Im a bit out of sorts just now and certaintly dont feel pink or fluffy this week after my 2nd bout of chemo, but I have read with interest this thread and understand Lemongrove which what she started here and Stay Calm and Carry On certaintly has summed up my feelings on the subject and when I have the energy Im sure I will add more but just wanted to post now to show my support. xxx

CM - dignity. That sums it up beautifully. And I’d maybe add Gravitas to that as well.

I would never bash someone for fund raising, but this really is one that enrages me - grrrr gnash gnash, moral dilemna… fund raising = good, pink fluffiness = trivial perception of bc.

Wiser minds than mine may have to sort this one out.

Oh… and I do fundraise, despite being adamantly against the pink fluffiness, the two don’t negate each other,… and will do so more in future when I have more energy to concentrate on others and not just myself and my immediate family. I just have no intention of wearing pink deelyboppers, a tutu and an inane grin at the same time.

Hi Lemongrove, i agree with you 100%, personaly for me (if its ok for me to give my view) dont and have never had a problem with “Pink”,the colour is not important to me ,or are the ways the campaigns are run, all that
matters to me personaly is that Pink to this day continues to raise vasts amounts of money for this vile desease.

People dont want to see “doom and gloom” campaigns ,they dont raise money,and it just depresses people,including me
to be honest,so the campaigns need to be fun for those who are giving up their time to participate in them. Im very thankfull for all those people who go out of their way to raise vital funds for BC ,whatever way they do it.

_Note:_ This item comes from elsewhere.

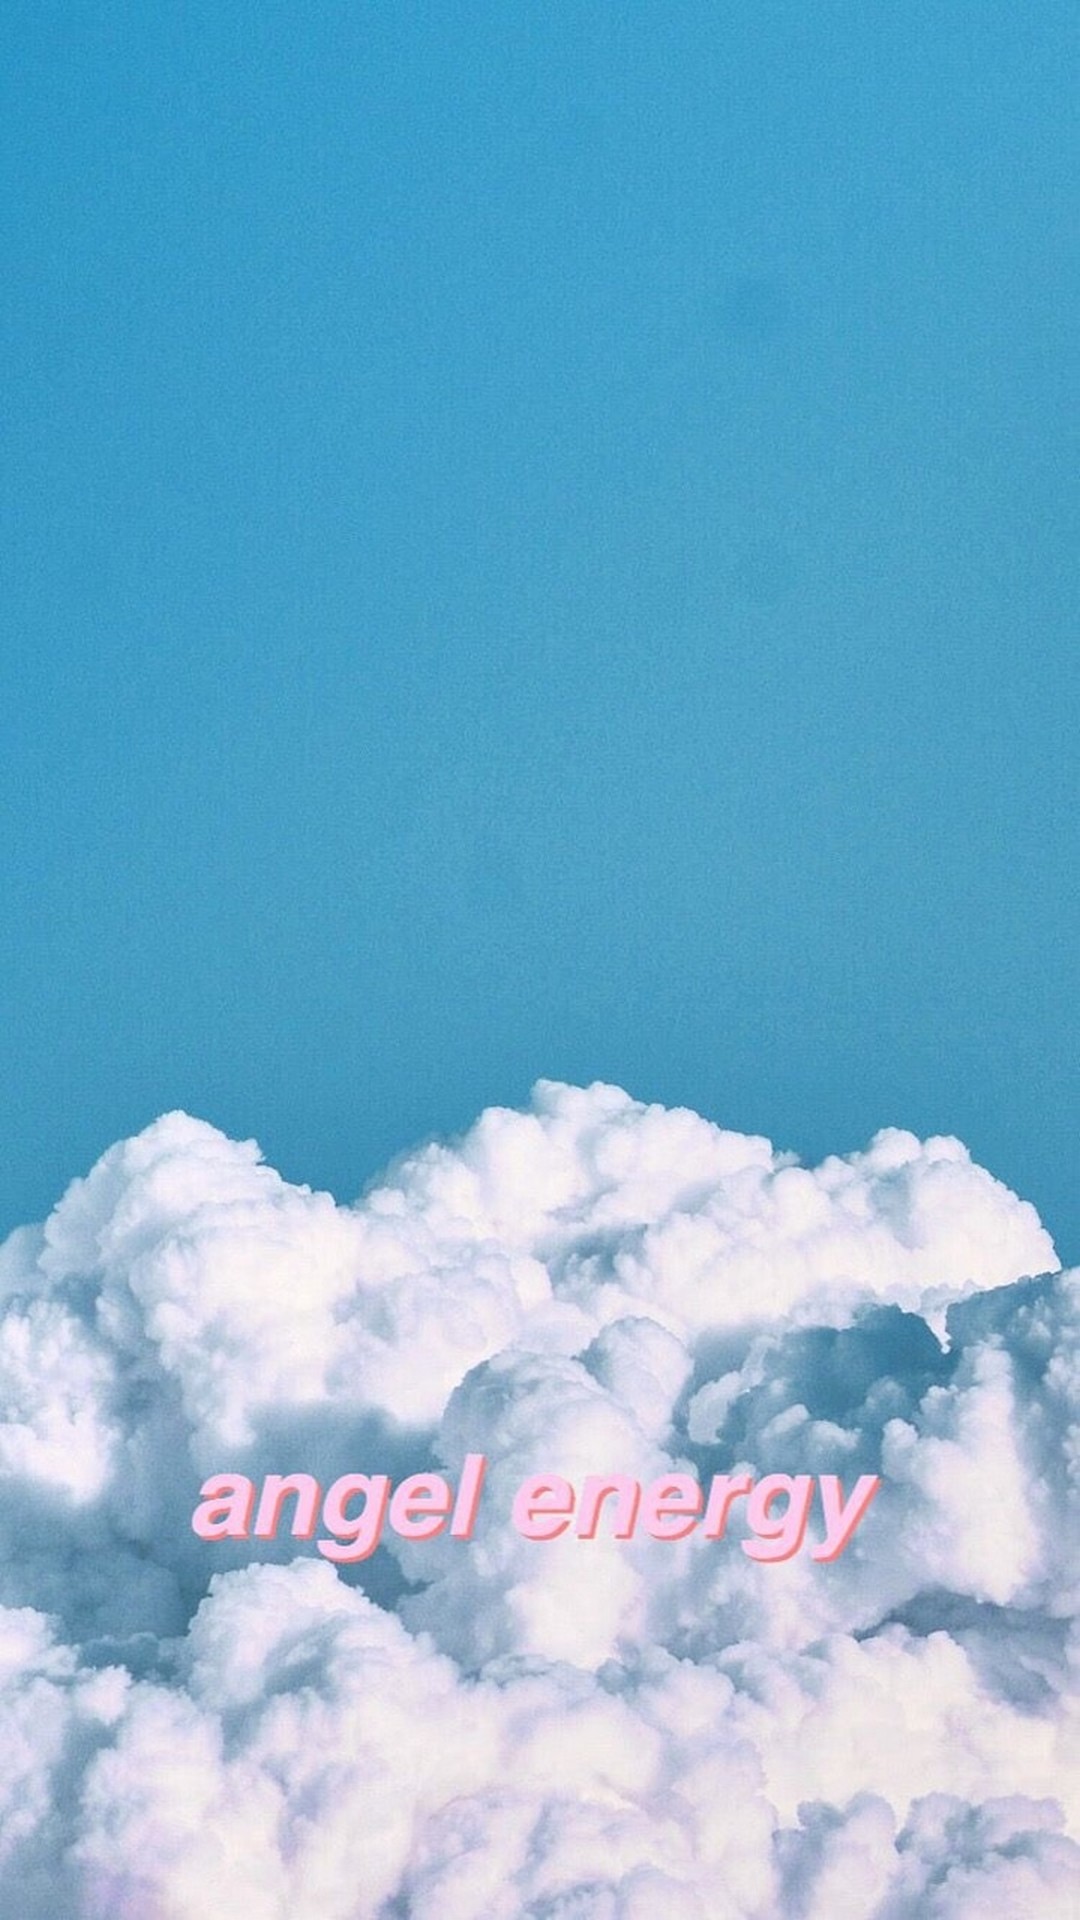 How To Make Aesthetic Wallpaper On iPhone

Asdas Tickled Pink Campaign was started 15yrs ago in 1996, ive read somewhere that it was named because the first ever BC pin/logo was a “pink feather” Asda has raised over £25 million for breast cancer, with the proceeds being split between Breast Cancer Care & Breast Cancer Campaign , without Asdas Tickled Pink Campagin this forum and website proberly wouldnt exsist,so im personaly very thankfull to asda for all their help ,though i know that only a “small margin” of asdas tickled pink sales go directly towards breast cancer funding.

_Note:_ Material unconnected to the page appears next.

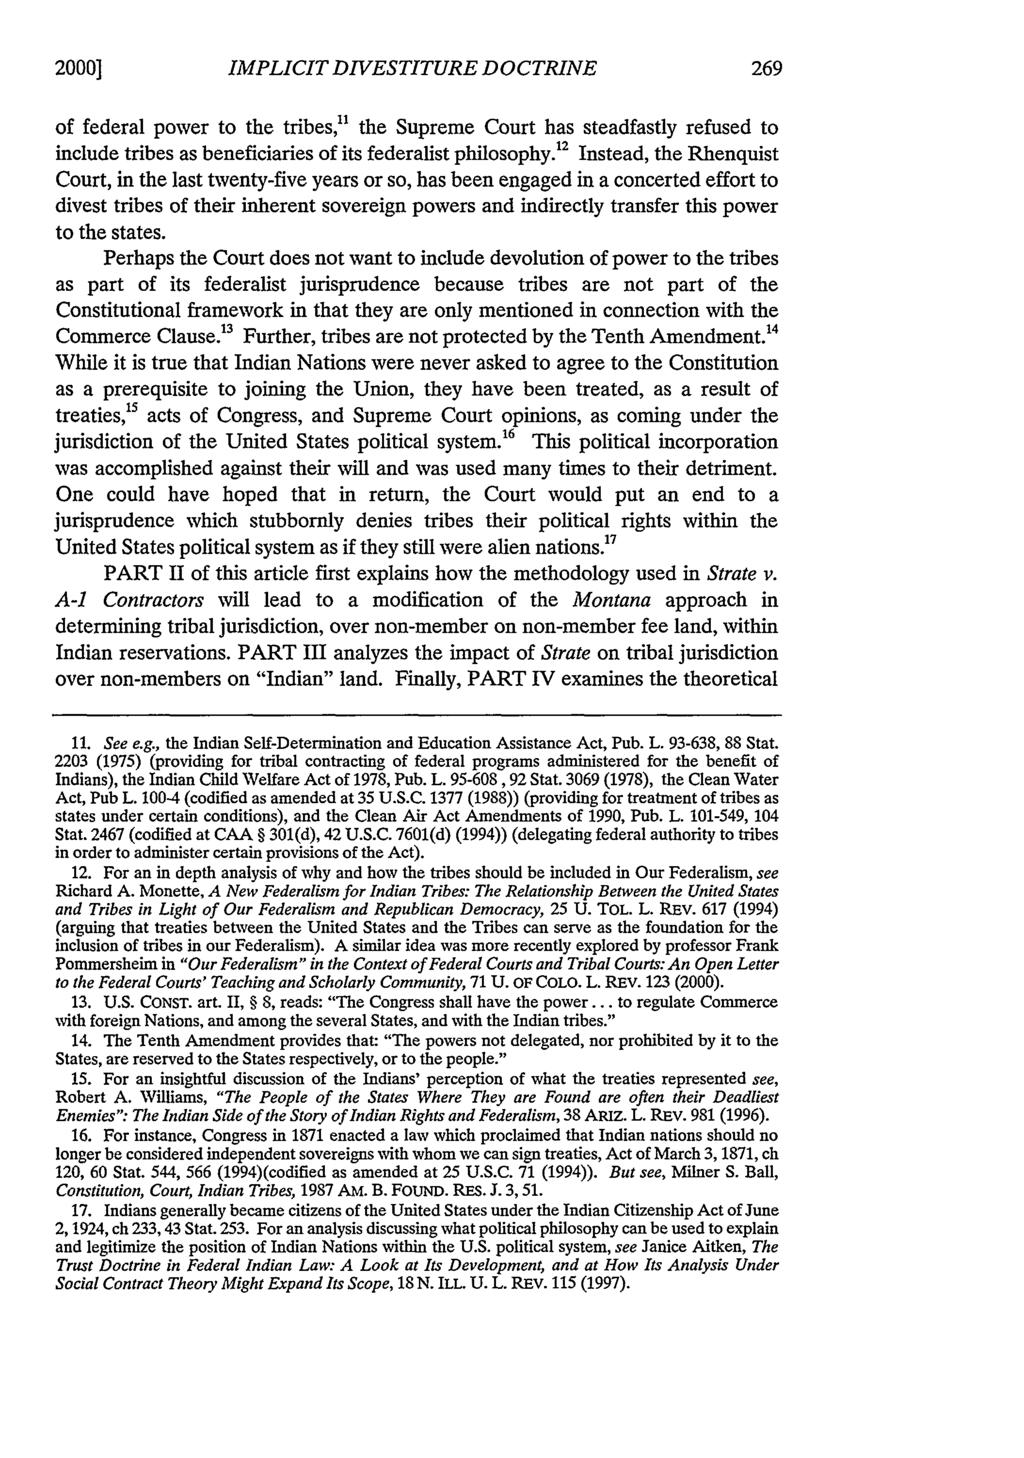 2000] Skibine: The Court's Use of the Implicit Divestiture Doctrine to Implement IMPLICIT DIVESTITURE DOCTRINE of federal power to the tribes," the Supreme Court has steadfastly refused to include
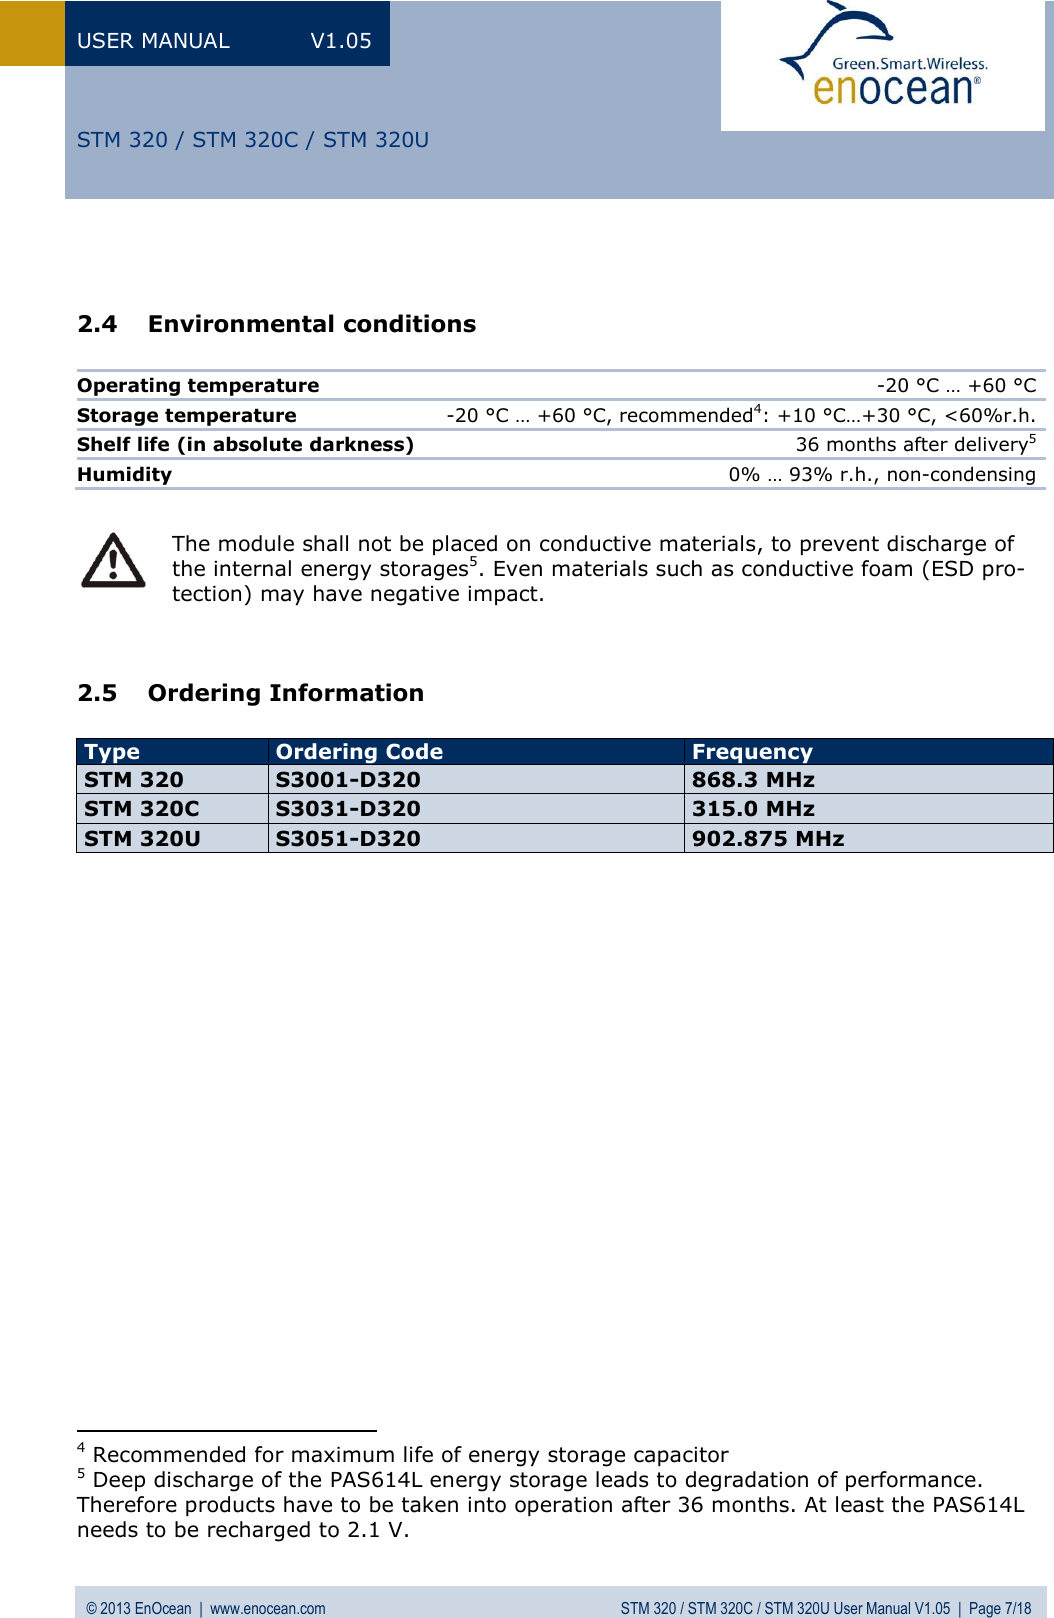 USER MANUAL  V1.05 © 2013 EnOcean  |  www.enocean.com  STM 320 / STM 320C / STM 320U User Manual V1.05  |  Page 7/18   STM 320 / STM 320C / STM 320U   2.4 Environmental conditions  Operating temperature  -20 °C … +60 °C Storage temperature  -20 °C … +60 °C, recommended4: +10 °C…+30 °C, &lt;60%r.h. Shelf life (in absolute darkness) 36 months after delivery5 Humidity 0% … 93% r.h., non-condensing   2.5 Ordering Information  Type Ordering Code Frequency STM 320 S3001-D320 868.3 MHz STM 320C S3031-D320 315.0 MHz STM 320U S3051-D320 902.875 MHz                                                                  4 Recommended for maximum life of energy storage capacitor 5 Deep discharge of the PAS614L energy storage leads to degradation of performance. Therefore products have to be taken into operation after 36 months. At least the PAS614L needs to be recharged to 2.1 V.  The module shall not be placed on conductive materials, to prevent discharge of the internal energy storages5. Even materials such as conductive foam (ESD pro-tection) may have negative impact.

Pink,like many other BC issues, has always been a controversial topic here on the forums,but i hope like others here that “everyone” will be allowed to voice their views without anyone being unfairly judged for sharing their own particular opinion.

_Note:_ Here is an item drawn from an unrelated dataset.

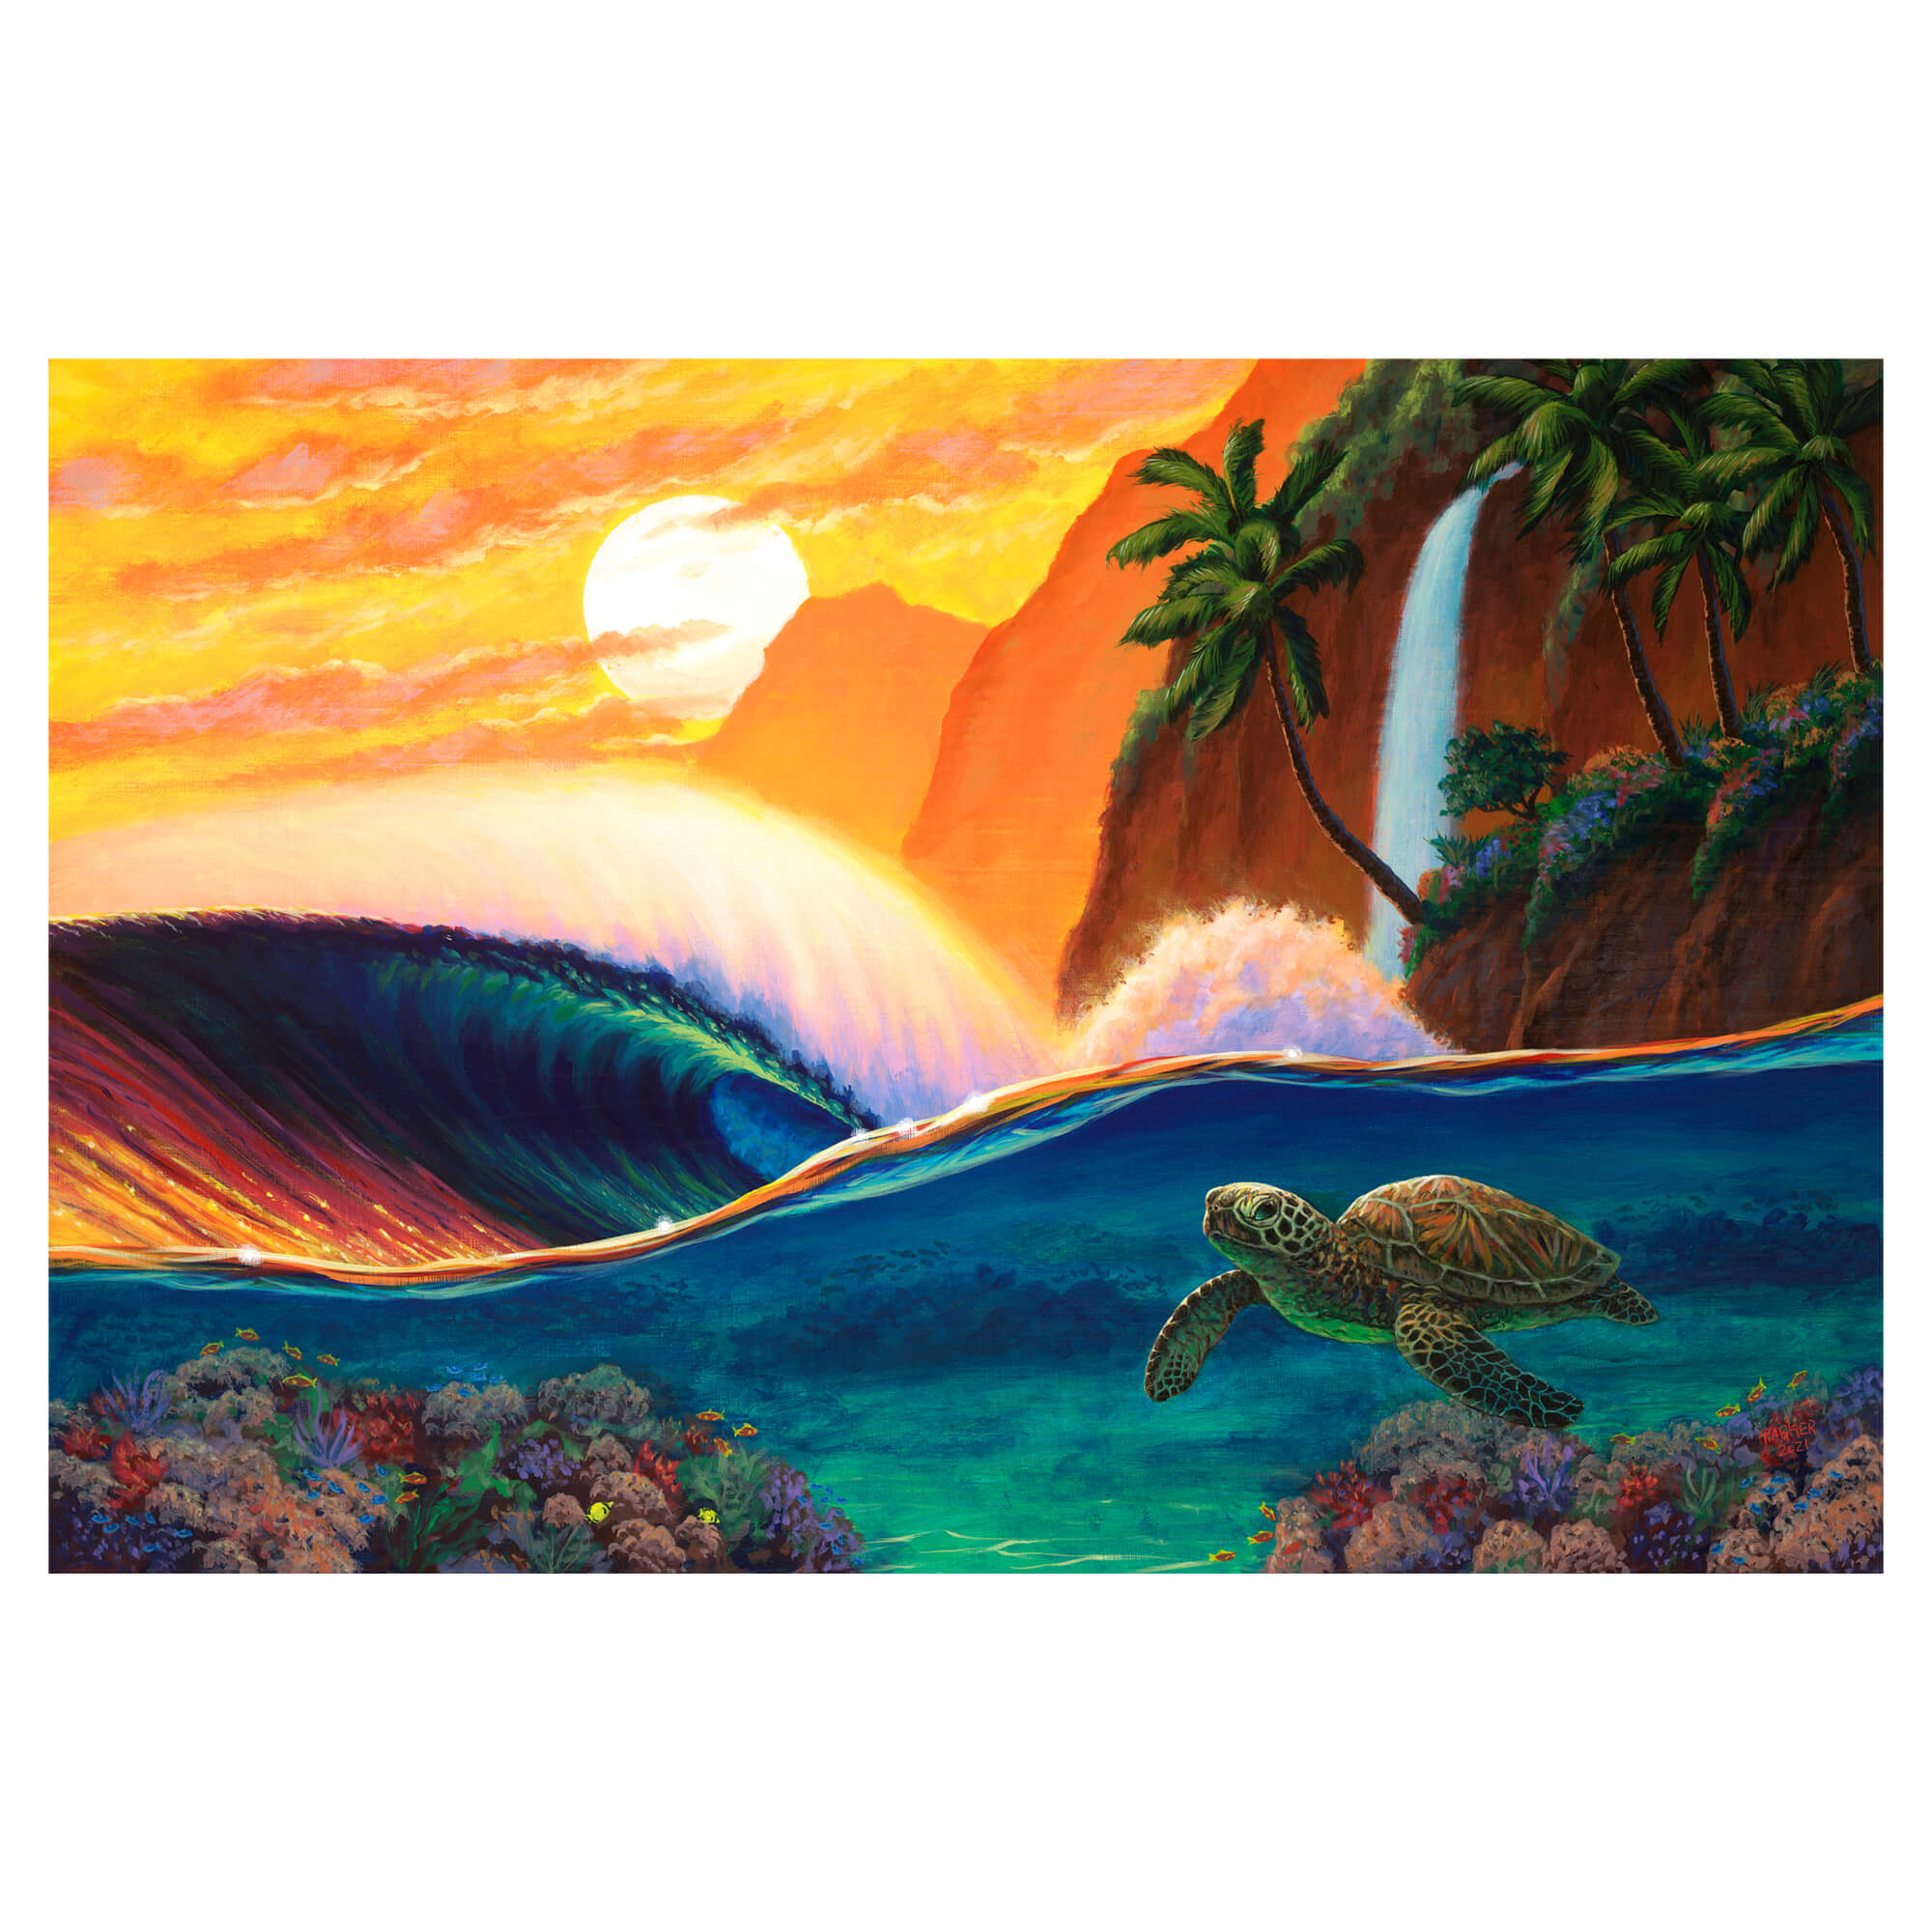 A canvas giclée art print featuring a sea turtle swimming and a vibrant sunset, crashing waves, and a mountain waterfall background by Hawaii artist Patrick Parker

I have always welcomed everyones views, even if i dont always agree with them, a very wise old soul once said “Respect is not agreeing with everyone,Its agreeing that its OK to disagree.”
Maybe thats something we all need to bear in mind sometimes.
Best Wishes to everyone
Linda x

Linda - absolutely, everyone should be free to express their view - wouldn’t it be dull if we all had the same opinion, after all? It is a subject that is deeply emotive, and will understandably trigger sharp reactions - the very title of the thread is bound to do that!!

I have no issue with that at all, debate provokes thought after all - and respect to everyone’s thoughts - whether they’re in the pro pink camp, as yourself and lemongrove are… or radically opposed to it, as I am. We all have our reasons for our own viewpoints - and it is very difficult to argue with a lot of them, no matter how much fund raising is done.